RetroSnake - Rapid Prototyping with AI
A modern take on the classic snake game, built through iterative AI-assisted development to demonstrate rapid prototyping capabilities and design iteration.
A modern take on the classic snake game, built through iterative AI-assisted development to demonstrate rapid prototyping capabilities and design iteration.




RetroSnake is NextGame.dev's first dogfooding project—a browser-based recreation of the classic Nokia snake game, built in just one week to test the platform's own launch technology. The project demonstrates how modern AI-assisted development enables rapid prototyping from concept to deployed product.
As part of NextGame.dev's dogfooding strategy, RetroSnake was built to experience firsthand what indie developers face when launching games. By becoming game creators ourselves, we gain authentic insights into the discovery and launch challenges our platform aims to solve.
Create a complete, polished game experience rapidly while maintaining code quality and implementing modern web features. The goal was to move from concept to deployed product efficiently, demonstrating the potential of AI-assisted development workflows for rapid iteration and feature implementation.
The project was built through iterative AI-assisted development, with each feature developed through a prompt-driven workflow. Rather than writing all code manually, the development process involved clearly defining requirements, iterating on implementations, and refining features through natural language collaboration. This approach allowed for rapid feature additions while maintaining code quality and architectural consistency.
The game features an authentic retro aesthetic with a green CRT-style visual design and pixel font typography. The interface includes procedurally generated chiptune music that loops during gameplay, creating an immersive retro gaming experience. The design prioritizes authenticity to classic gaming while incorporating modern web capabilities like responsive design and smooth animations.
Built with React and Next.js, the game uses canvas-based rendering for smooth gameplay. The game loop is implemented using requestAnimationFrame for optimal performance, while state management handles game logic, score tracking, and collision detection. The procedural music system generates chiptune tracks dynamically, and the leaderboard integrates with a backend API for score persistence.

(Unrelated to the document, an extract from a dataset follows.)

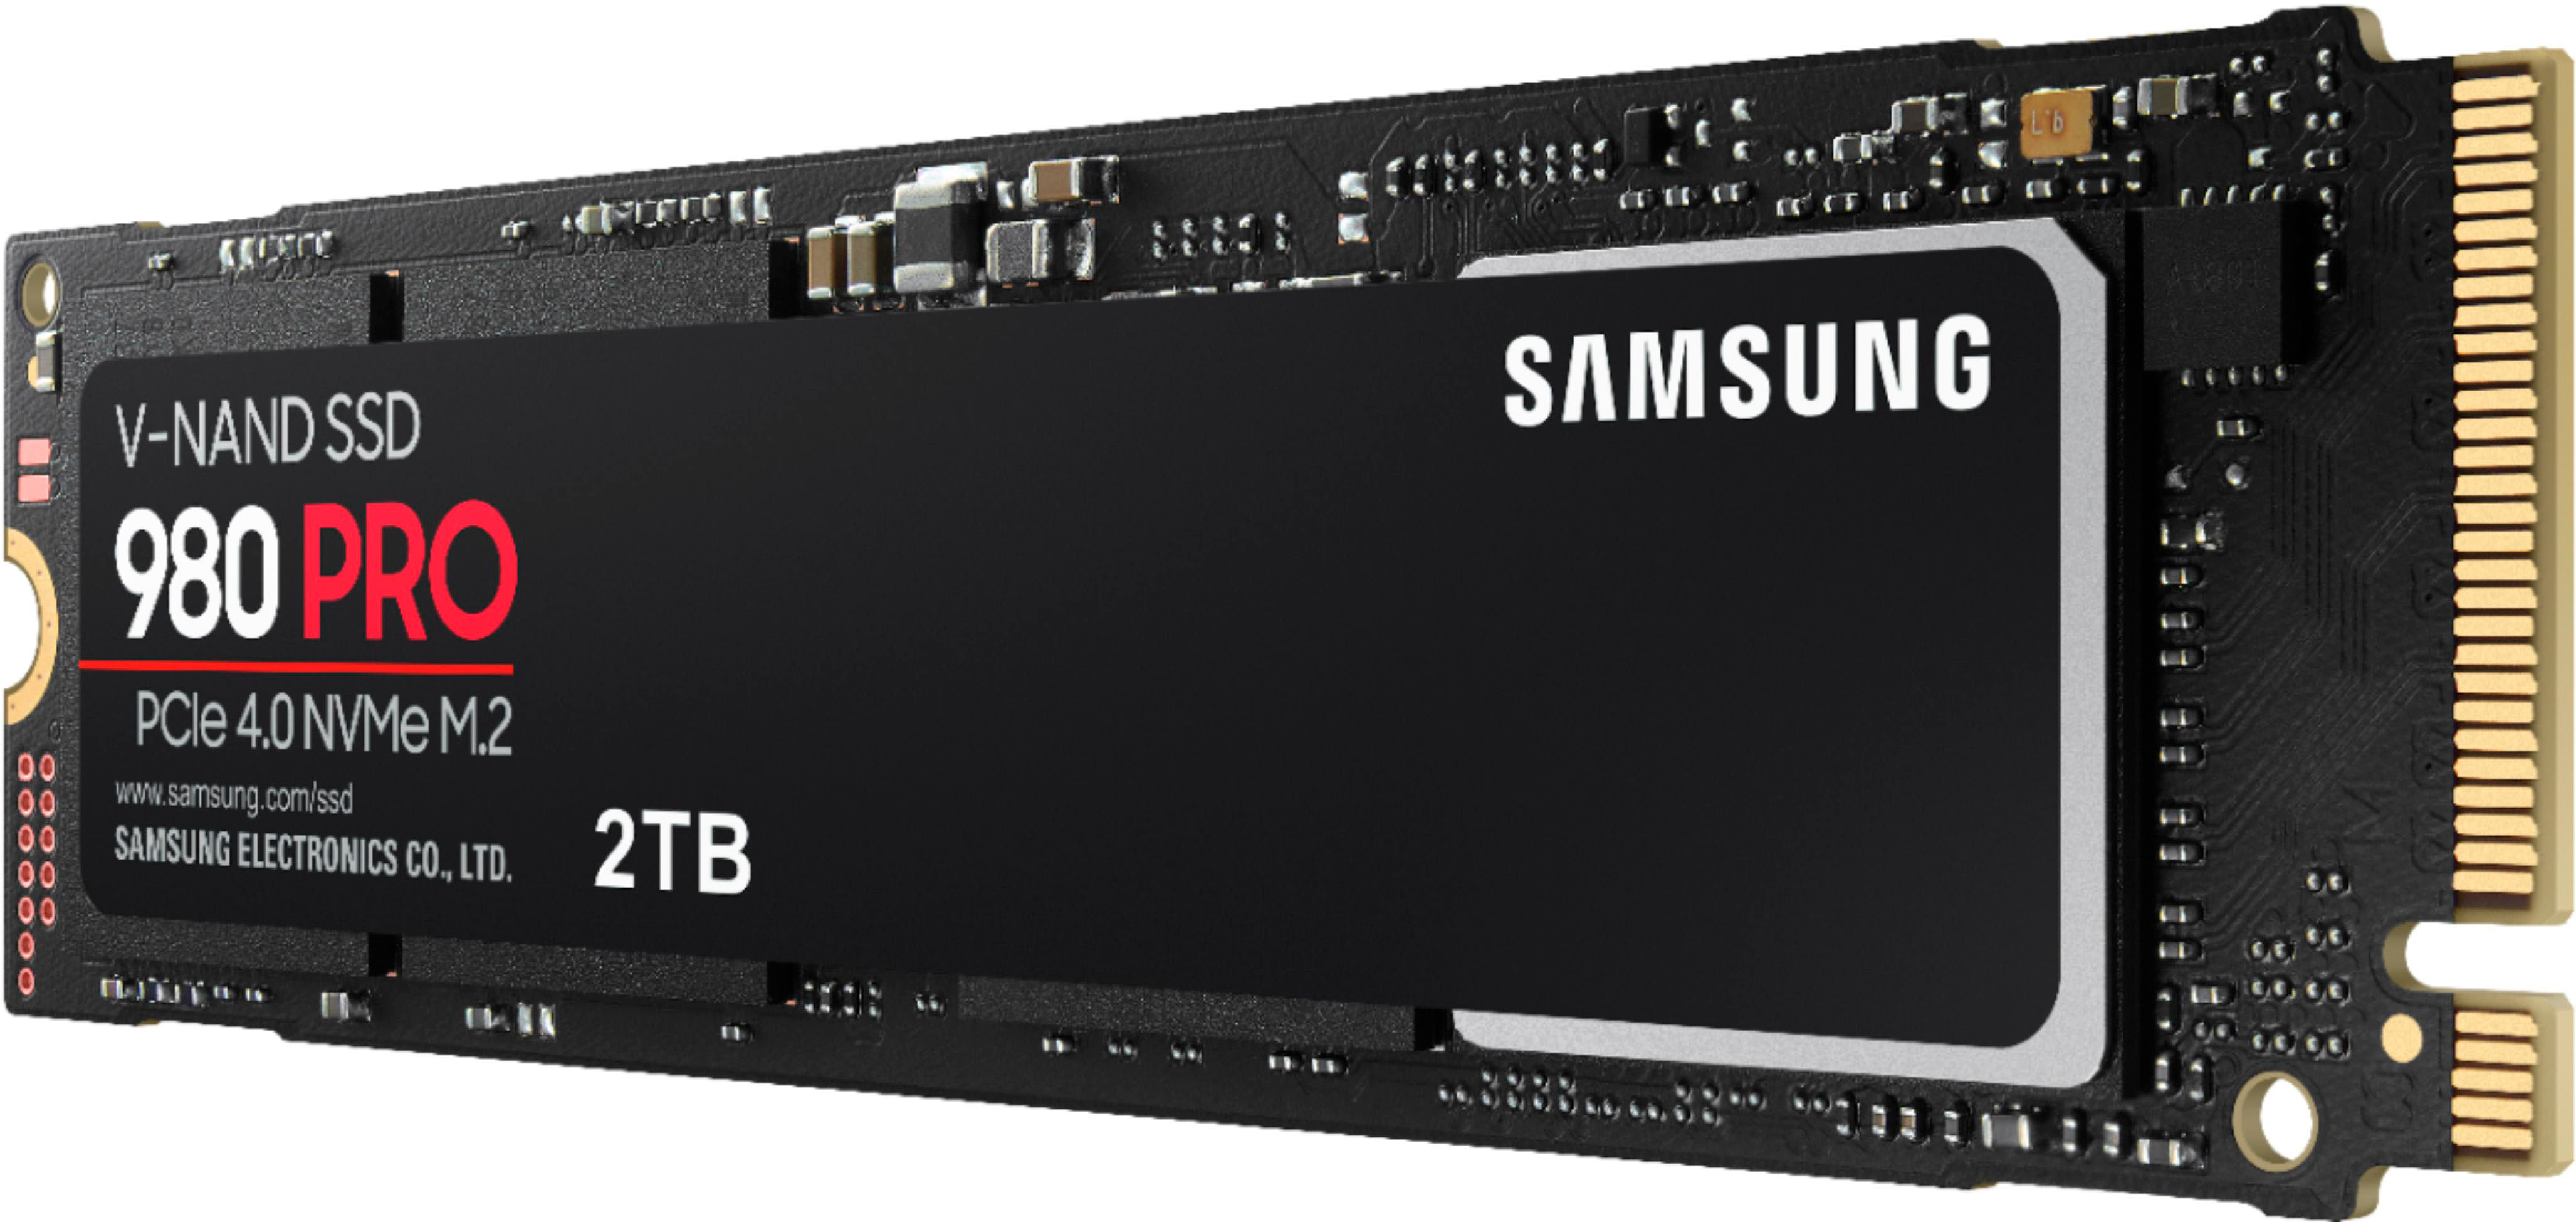 Samsung 2tb 980 pro  fakes : r/pcmasterrace

The project successfully demonstrates how AI-assisted development can accelerate the creation of feature-complete applications. By focusing on clear requirement definition and iterative refinement, complex features like procedural music generation and responsive game mechanics were implemented efficiently. The experience highlighted the importance of prompt engineering skills and the ability to effectively collaborate with AI tools in modern development workflows.
Potential enhancements include adding more game modes, implementing power-ups and obstacles, expanding the music library with more procedurally generated tracks, adding multiplayer functionality, and creating additional retro-styled games under the NextGame brand. The modular architecture makes it straightforward to iterate on features and experiment with new mechanics.